Nemanja Popović

No. 7 – Wilki Morskie Szczecin
- Position: Power forward
- League: PLK

Personal information
- Born: December 29, 2001 (age 24) Topola, Serbia, FR Yugoslavia
- Nationality: Serbian
- Listed height: 2.05 m (6 ft 9 in)
- Listed weight: 97 kg (214 lb)

Career information
- Playing career: 2018–present

Career history
- 2018–2019: Crvena zvezda
- 2018–2019: → Žarkovo
- 2019–2021: FMP
- 2019–2020: → OKK Beograd
- 2021–2024: Crvena zvezda
- 2022: → Vojvodina
- 2023–2024: → Mega Basket
- 2024–2025: Vršac
- 2025–present: Wilki Morskie Szczecin

Career highlights
- All-PLK Team (2026);

= Nemanja Popović =

Serbian basketball player (born 2001)

Nemanja Popović (Немања Поповић, born December 29, 2001) is a Serbian professional basketball player for Wilki Morskie Szczecin of the Polish Basketball League (PLK). Standing at and weighing 214 lbs, he plays power forward position.

== Early career ==
Popović started to play basketball for KK BB Basket in Mladenovac. In 2015, he joined Vizura in Belgrade. In summer 2017, Popović was added to the Crvena zvezda youth team. Popović won the second place at the 2017–18 Junior ABA League season with the Zvezda. Over six tournament games, he averaged 9.8 points, 6.1 rebounds and 0.5 assists per game. In August 2018, he participated at the Basketball Without Borders Europe camp in Belgrade, Serbia. In February 2019, Popović participated at the NBA All-Star Basketball Without Borders Global Camp in Charlotte, North Carolina. Popović won the second place at the 2018–19 Junior ABA League season with the Zvezda. Over seven season games, he averaged 14.0 points, 4.7 rebounds and 3.1 assists per game.

== Professional career ==
In January 2018, Popović was added to the Crvena zvezda ABA League roster for the rest of the 2017–18 season. He missed to play a single game during that season. In August 2018, he was loaned out to Žarkovo of the Second League of Serbia. In April 2019, he was added to FMP of the Basketball League of Serbia. On April 27, he made his Serbian League debut against Zlatibor, making 2 points and 3 rebounds in under 14 minutes of playing time. In January 2020, Popović signed a four-year contract with FMP. Following the 2020–21 season Popović declared for the 2021 NBA draft. On July 19, 2021, he withdrawn his name from consideration for the 2021 NBA draft. On 23 September 2021, Popović signed a three-year contract with Crvena zvezda. On the next day, he made his debut for Crvena zvezda in their season opening 97–61 win over Split, making 3 points, a rebound, and an assist in under 11 minutes of playing time. On 5 January 2022, Popović was loaned out to Vojvodina for the rest of the 2021–22 season. He returned to the Zvezda for the 2022 pre-season training camp.

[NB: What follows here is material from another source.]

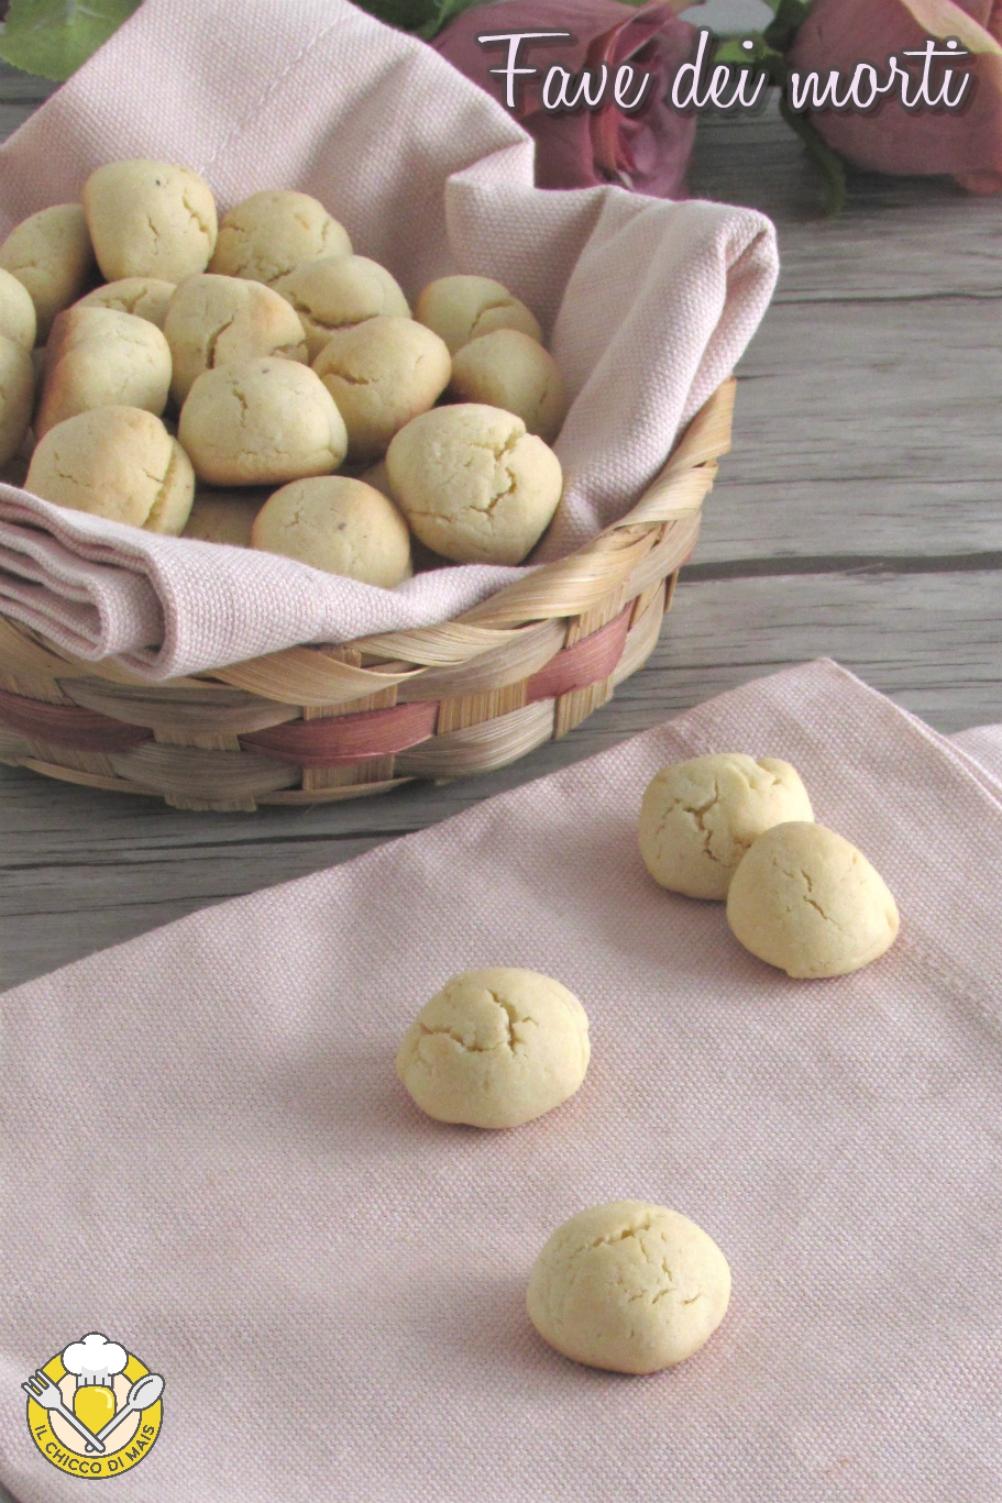 v_ Fave dei morti ricetta romana laziale biscotti alle mandrle del 2 novembre il chicco di mais

On June 27, 2025, he signed with Wilki Morskie Szczecin of the Polish Basketball League (PLK).

== National team career==
Popović was a member of the Serbian under-16 national team that won the bronze medal at the 2017 FIBA Europe Under-16 Championship in Montenegro. Over seven tournament games, he averaged 5.9 points, 4.1 rebounds and 2.4 assists per game. Popović was a member of the Serbian under-17 team that participated at the 2018 FIBA Under-17 Basketball World Cup in Argentina. Over seven tournament games, he averaged 5.0 points, 3.3 rebounds and 2.0 assists per game.